Richetta Randolph Wallace (May 12, 1884 – March 1, 1974) was an American administrator, and the first staff member hired by the NAACP.

==Early life==
Richetta G. Randolph was born in Chesterfield County, Virginia, and raised in Plainfield, New Jersey, the daughter of Richard E. Randolph and Martha Jane Chapman Randolph. Her father was choirmaster at Fillmore Avenue Baptist Church in Bridgewater Township, New Jersey. She attended Gaffey's Business School in New York City. She was related to labor leader A. Philip Randolph, but their specific relationship is unclear.

==Career==
Richetta Randolph began working for white suffragist and journalist Mary White Ovington in 1905, as her private secretary. In 1912, she became the first member of the administrative staff at the NAACP. She was the organization's office manager; "it was her machine that in 1909 typed the original 'Call' to organize the N. A. A. C. P.", recalled Ovington, of Randolph's involvement. "More than anyone else, she knows the history of the Association and we turn to her with questions of the past as well as the present." She served as clerk of the annual NAACP conferences, and served as personal secretary of James Weldon Johnson and Walter Francis White. She "arranged and typed" the first issue of The Crisis, and corresponded with W. E. B. Du Bois. "It would have been difficult to have secured a more efficient person to do the exacting clerical work of the young N. A. A. C. P.", commented George Schuyler in a 1942 profile. She worked for the NAACP for over thirty years, until her retirement in 1946.

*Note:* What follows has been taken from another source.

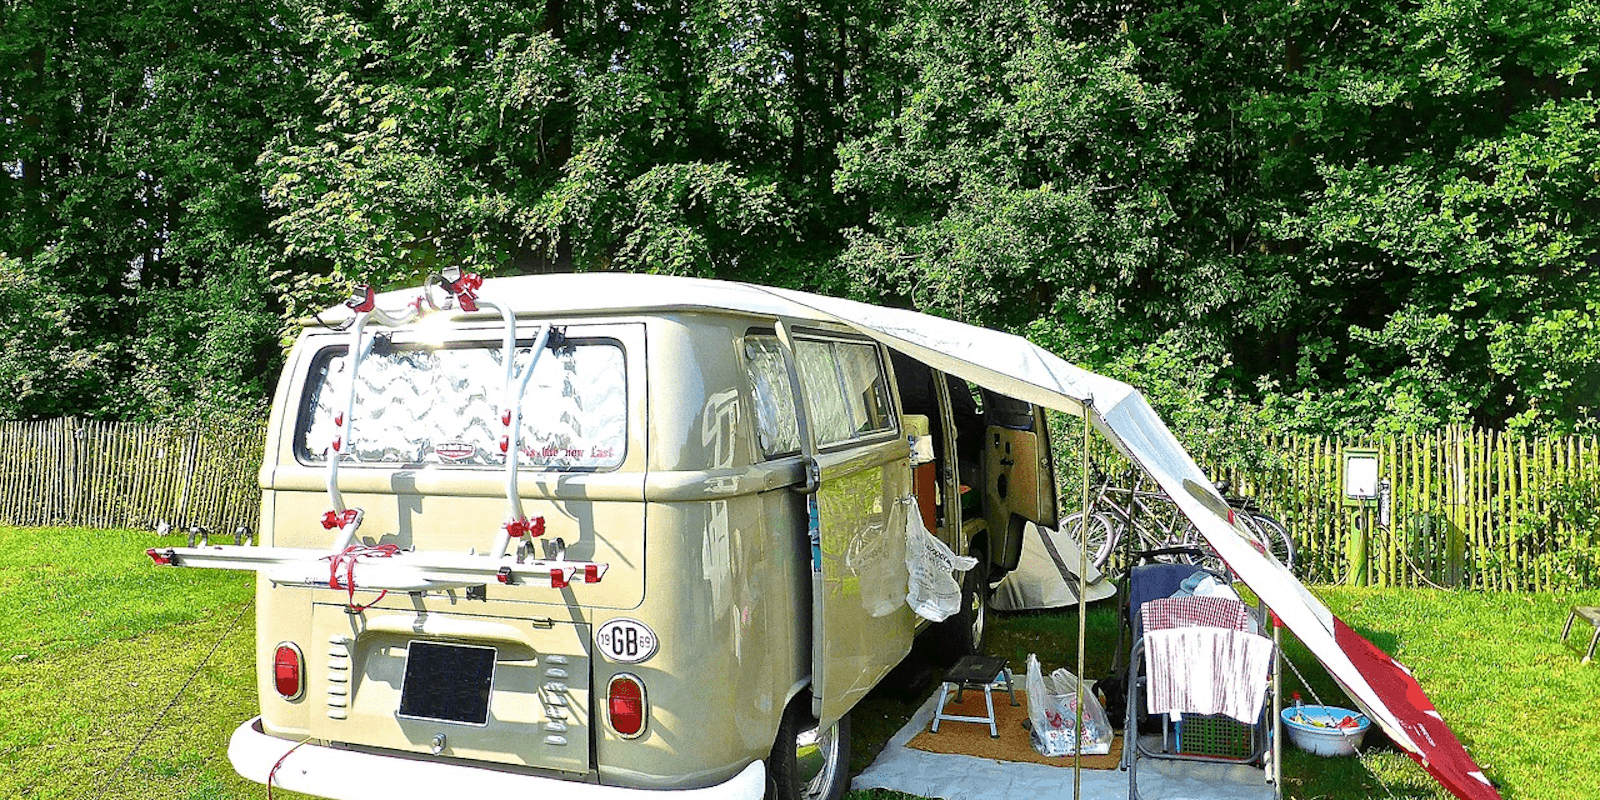 Die besten Campervans & Campingbusse

Before and during retirement, Randolph Wallace worked for the Rev. O. Clay Maxwell, pastor of the Mt. Olivet Baptist Church in Harlem. She was the first woman to serve on the church's board of trustees. She performed in a 1928 church pageant, and wrote a historical pageant, "Mount Olivet Yesterday and Today" (1953), about the church's founding.

==Personal life==
Richetta G. Randolph married Frank E. Wallace in 1914, and was widowed when he died in 1921. She died in 1974, in Bedford–Stuyvesant, Brooklyn, where she had lived since 1933. Her papers are archived in the Brooklyn Historical Society.